For the specified trait, SRmapqtl will output a small table:
------------------------------------------------------- ------------------------------------------------------- Chromosome Marker Rank F-Stat DOF ------------------------------------------------------- -start 1 1 2 13.38778 114 2 3 4 10.12742 110 3 1 5 3.55528 108 3 2 3 11.15490 112 4 3 1 28.85236 116 -end ------------------------------------------------------- -------------------------------------------------------
The first two columns indicate the chromosome and marker. The third column gives the rank of that marker as determined by the stepwise regression mode of choice. Then there will be an F-statistic indicating the difference between having that variable in the model or not. Finally, the DOF (degrees of freedom) for the numerator of that F statistic is given. For forward stepwise or backward elimination, SRmapqtl will try to rank all of the markers no matter how small the F statistic is. For the forward regression with backward elimination, the program proceeds to add variables until the F statistic p-value is less than that specified by the -F option (0.1 by default). Then SRmapqtl rechecks all the variables added and will eliminate any with an F statistic p-value less than the value given with the -B option.

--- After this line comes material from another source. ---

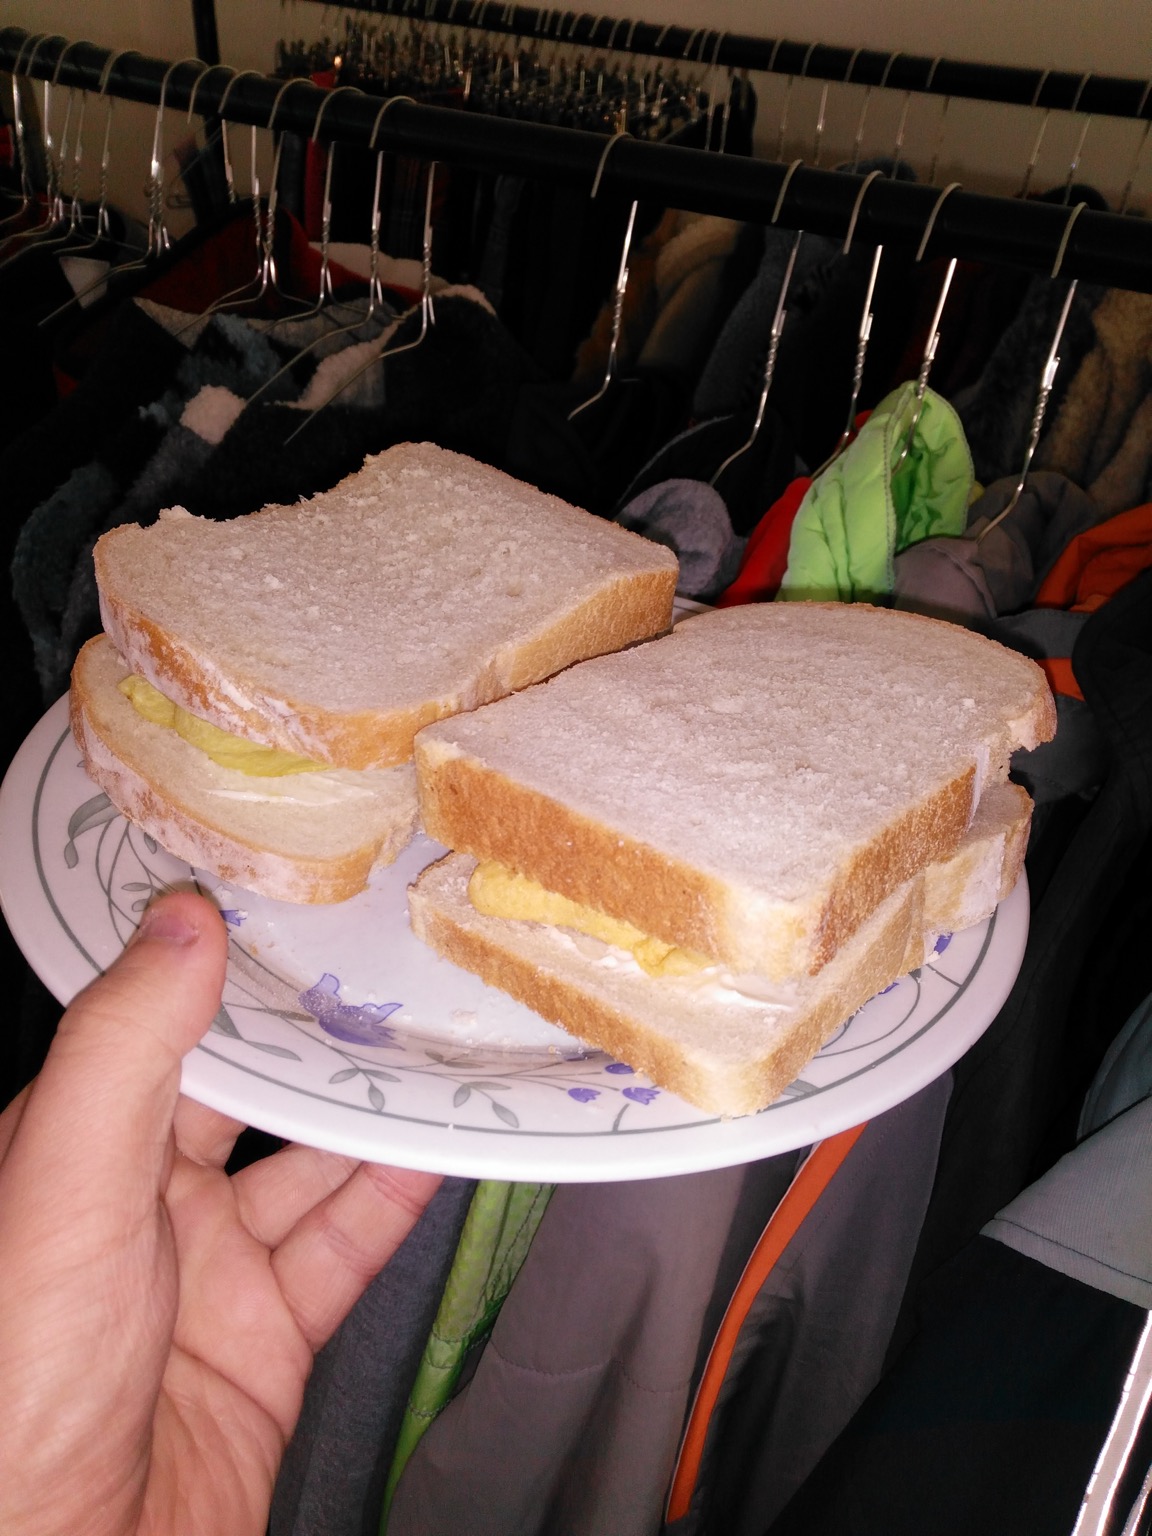 Flash photo of crisp sandwiches in a wardrobe

In general, the FB method is probably the best method for picking background markers to be used with model 6 in Zmapqtl and JZmapqtl. To this end, SRmapqtl should be run prior to using either module. Zmapqtl and JZmapqtl will read the results of SRmapqtl and use the markers that are ranked. You can specify an upper bound to the number of background parameters to be used in Zmapqtl. JZmapqtl will use all the markers that are listed for all traits in its analysis: The FB method thus selects only a subset of significant markers.
Be aware that SRmapqtl tries to determine how many markers can be analyzed at once. The number of parameters has to be smaller than the sample size. If you try to use backward regression, and there are more markers than individuals, then SRmapqtl will default to forward stepwise regression and rank as many markers as possible. You should be aware that when dominance can be estimated, each marker will count two towards the total number of parameters and you will need a sample size of at least twice the number of markers to do backward elimination.